Vida Útil Limitada — Desafios de Estabilidade do Produto
As formulações sem conservantes e com rótulo limpo, que visam atender à demanda dos consumidores por produtos naturais e minimamente processados, reduzem a vida útil de 12-18 meses para 6-9 meses. Essa vida útil mais curta cria desafios como desperdício de estoque e maior complexidade na cadeia de fornecimento, pois os varejistas preferem prazos de validade mais longos para minimizar o risco de descontos. As barras à base de tâmaras, que incorporam tâmaras como aglutinante e adoçante natural, apresentam obstáculos adicionais devido aos seus níveis mais elevados de atividade de água. Essa característica acelera o crescimento microbiano e a degradação de textura, necessitando do uso de embalagens com atmosfera modificada ou refrigeração. Essas medidas, embora essenciais para manter a qualidade do produto, aumentam os custos de produção e limitam a viabilidade da distribuição em temperatura ambiente. A Agência de Padrões Alimentares (FSA) fornece orientações gerais sobre vida útil, enfatizando a segurança microbiológica e a qualidade sensorial. No entanto, ela não oferece padrões específicos para barras de lanche, deixando os fabricantes arcando com os custos de realização de testes de desafio e estudos de estabilidade para validar suas alegações de vida útil.

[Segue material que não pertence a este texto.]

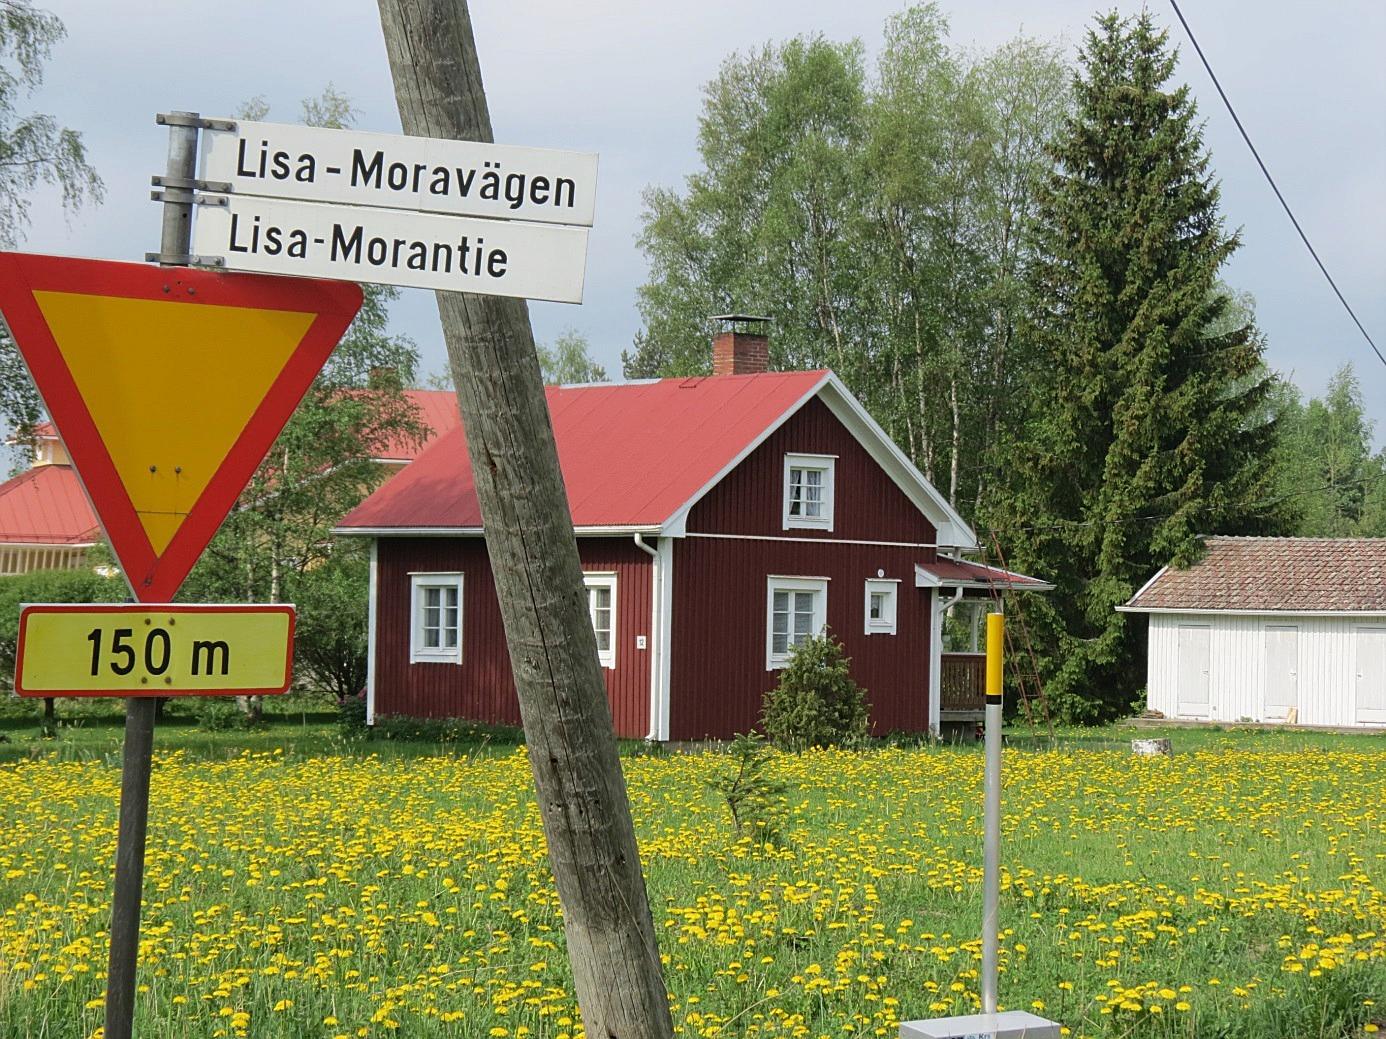 För att vårda minnet av Lisa-Mor har en väg blivit uppkallad efter henne. Den urgamla vägen som börjar i centrum av Dagsmark och går vidare till Storliden leder en besökare väldigt nära stenen. I bakgrunden till vänster skymtar föreningshuset Majbo.

*Nossas previsões atualizadas tratam os impactos de impulsionadores e restrições como direcionais, não aditivos. As previsões de impacto revisadas refletem o crescimento base, os efeitos de mix e as interações entre variáveis.
Análise de Segmentos
Por Tipo de Produto: Barras de Proteína Perturbam o Domínio dos Cereais
As barras de cereais capturaram 56,12% da participação de mercado em 2025, reforçando sua posição como uma opção de lanche amplamente preferida, acessível e conveniente para consumidores com estilos de vida agitados. Essas barras tornaram-se um alimento básico devido à sua familiaridade e acessibilidade. Por outro lado, as barras de proteína têm previsão de crescer a uma taxa de crescimento anual composta (CAGR) de 8,11% até 2031, impulsionada por uma mudança notável nas preferências dos consumidores de lanches indulgentes para nutrição que apoia objetivos de desempenho e condicionamento físico. Essa tendência é particularmente evidente entre os 23,4% dos adultos do Reino Unido que se identificam como flexitarianos, buscando opções convenientes de recuperação pós-treino sem se comprometer totalmente com dietas à base de plantas. Além disso, os 66% de consumidores que estão abertos a reduzir o consumo de carne estão criando um ambiente favorável para o desenvolvimento e adoção de formulações ricas em proteínas.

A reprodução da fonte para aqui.